Saturday, November 16, 2019

The Ring (Gore Verbinski, 2002)


The Ring (Gore Verbinski, 2002)

Cast: Naomi Watts, Martin Henderson, David Dorfman, Brian Cox, Jane Alexander, Lindsay Frost, Amber Tamblyn, Rachael Bella, Daveigh Chase, Shannon Cochran, Sandra Thigpen. Screenplay: Ehren Kruger, based on a novel by Koji Suzuki and a screenplay by Hiroshi Takahashi. Cinematography: Bojan Bazelli. Production design: Tom Duffield. Film editing: Craig Wood. Music: Hans Zimmer.

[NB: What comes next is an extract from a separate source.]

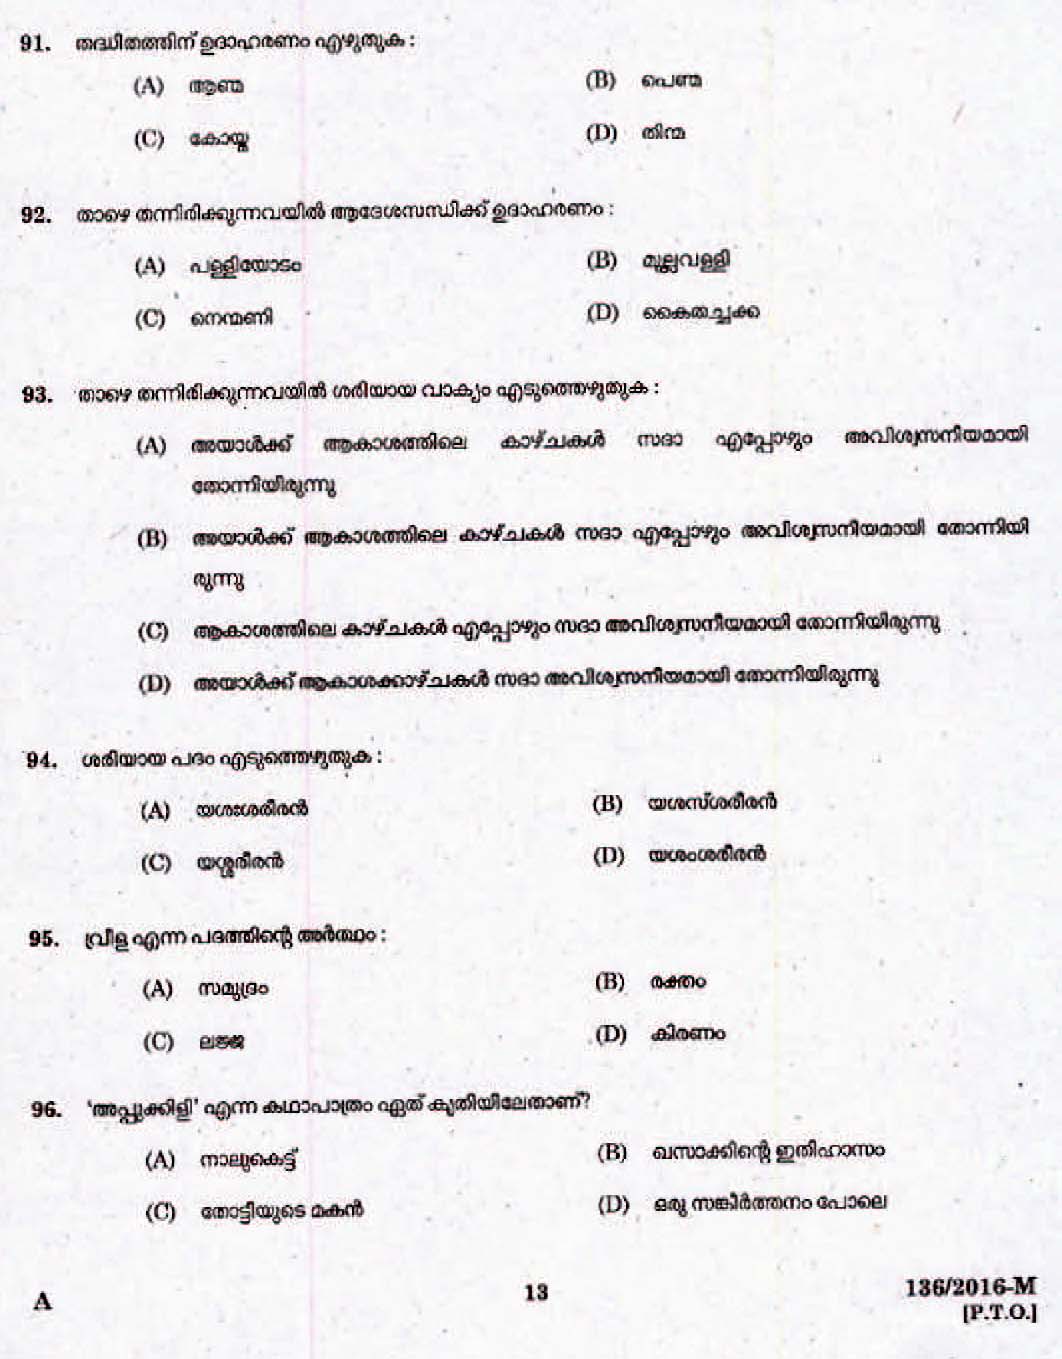 LD Clerk Question Paper Malayalam 2016 Paper Code 1362016 M 11

There's not much chance of watching any videotape these days, let alone a haunted one, so if The Ring were remade today it would have to be ... what? A murderous TikTok? A satanic tweet? (Though maybe we've had a few of those lately.) That's just to say that horror films become obsolete quickly, unless they're made with a surer hand than Gore Verbinski's. The director strives for a sense of gathering doom in his film, using gloomy weather and isolated settings to good effect, but even the creepy video looks like nothing more than, as Martin Henderson's Noah suggests, a short made by a student in a film class. Naomi Watts is, as always, effective, and she gets good support from Henderson and young David Dorfman as the genre's familiar weird little kid. Huge talents like Brian Cox and Jane Alexander are welcome in their small roles. But the film doesn't give them enough substance as characters for me to feel concerned about their fate, and the supposedly threatening closing scene, in which it's hinted that we're all at risk because we've watched the video ourselves, falls flat.